Went out early the 4th. Made one Dive A 9 minute dive got my 2 fish linit. Check it out. 
https://youtu.be/mByNyxrx0dw


----------



## Ocean Master (May 20, 2008)

Very nice Ron. Slow easy breathing...


----------



## sealark (Sep 27, 2007)

That's the only place I'm completly at rest, my head below the water.


----------



## ghost95 (May 4, 2009)

Man, there are some good tricks in that video if people pay attention.

What was that you were diving on if you don't mind me asking? Dutch Banks?

Sent from my SGH-M919 using Tapatalk


----------



## sealark (Sep 27, 2007)

I don't mind you asking, The Gulf off Pensacola.


----------



## Emerald Ghost (Mar 11, 2008)

There is a lot of espearience shown in that video.

Very nice work SeaLark.


----------



## Cajun Spearit (Jun 3, 2011)

Sealark is one of the most experienced Spearos on this board. Not many divers can pull off successful solo diving for as long as he has.

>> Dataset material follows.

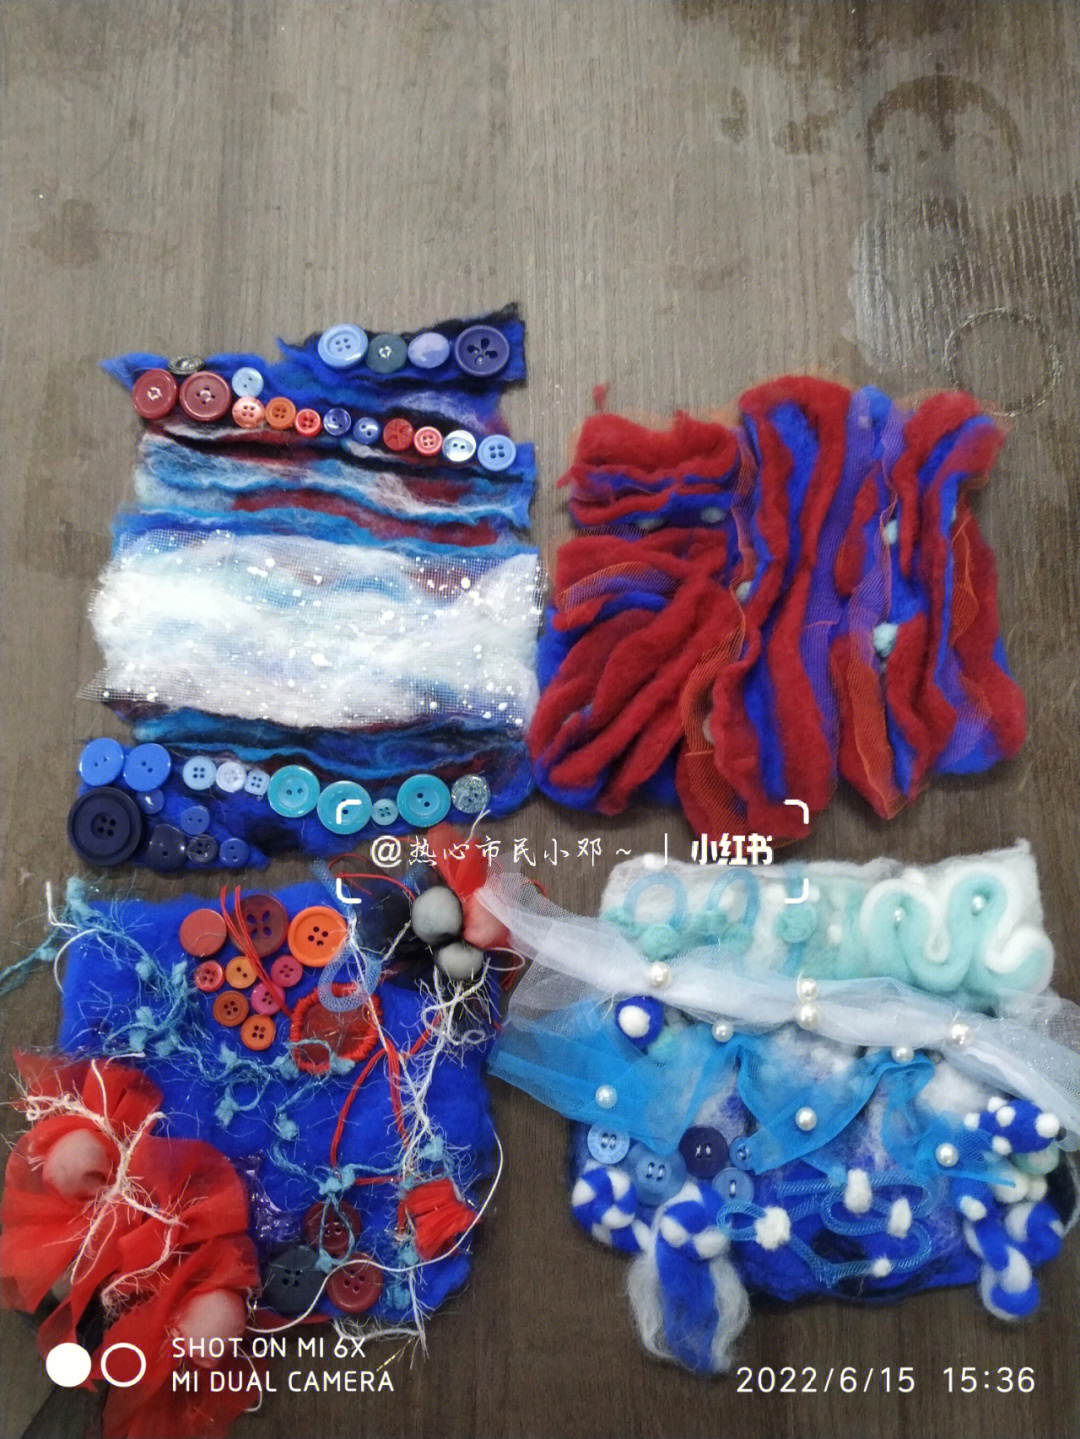 面料再造课作业,关于海洋的一个小系列材料:湿毡羊毛,肥皂,扣子,纱布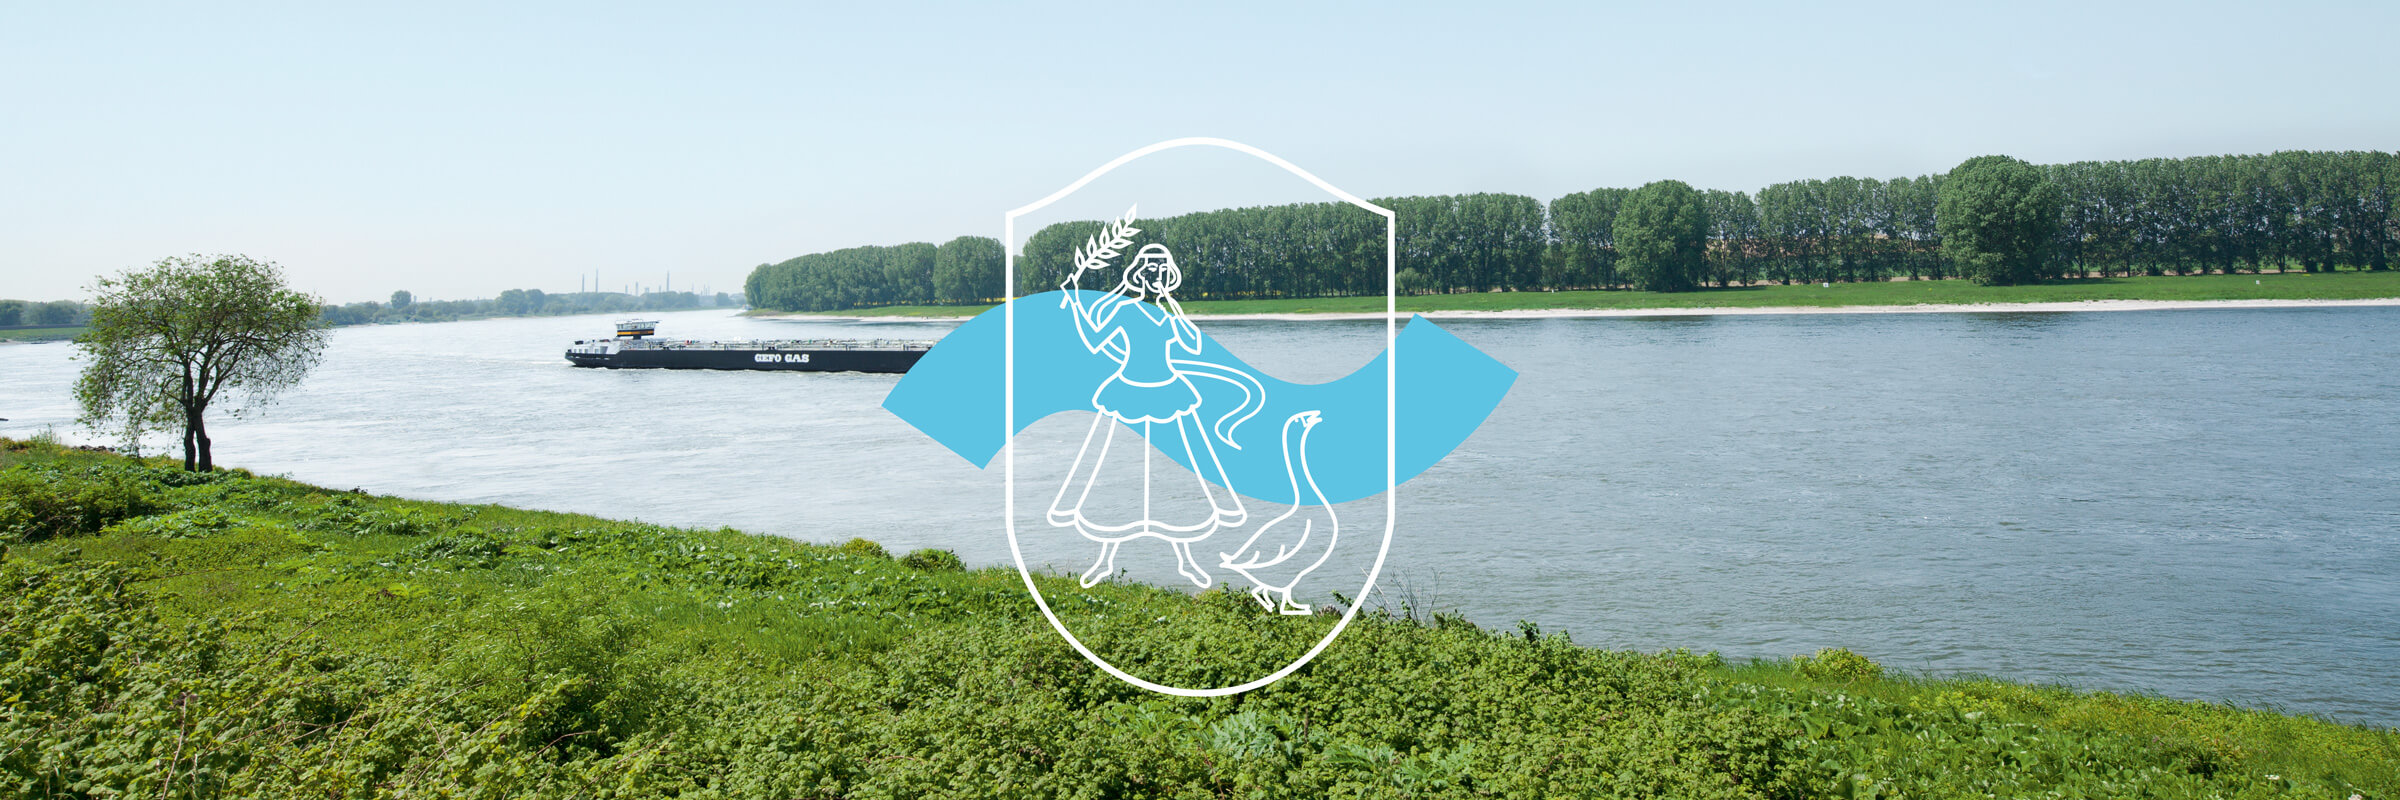 Logoentwicklung für die Stadt Monheim am Rhein bei Düsseldorf mit Bild vom Rhein

I learned a few things watching this...keeping your eyes on the boat while swimming to the anchor line...very smart. Constant awareness of the anchor in snot green water while shooting fish...very tough to do. Kudos.


----------



## sealark (Sep 27, 2007)

Thanks spearit. Guess I got you fooled. I'm wearing out, Getting my left knee replaced tuesday. Hopefully back in action by snapper opening day.


----------



## Cajun Spearit (Jun 3, 2011)

sealark said:


> Thanks spearit. Guess I got you fooled. I'm wearing out, Getting my left knee replaced tuesday. Hopefully back in action by snapper opening day.


I have no doubt you will be back to it in time!!


----------



## captken (Feb 24, 2008)

*Question??*

It looked like you pulled the bands back part way then shifted the gun to pull the band all the way back. Does the spear have an extra notch? 

Actually, I haven's speared a fish in years but I still remember how.


----------



## countryjwh (Nov 20, 2007)

what kind of stringer system are you using?


----------



## sealark (Sep 27, 2007)

captken said:


> It looked like you pulled the bands back part way then shifted the gun to pull the band all the way back. Does the spear have an extra notch?
> 
> Actually, I haven's speared a fish in years but I still remember how.


Extra fins on shaft. Relief fin is the first one.


----------



## sealark (Sep 27, 2007)

countryjwh said:


> what kind of stringer system are you using?


One I made, dont like the what I call big Diaper pin type.


----------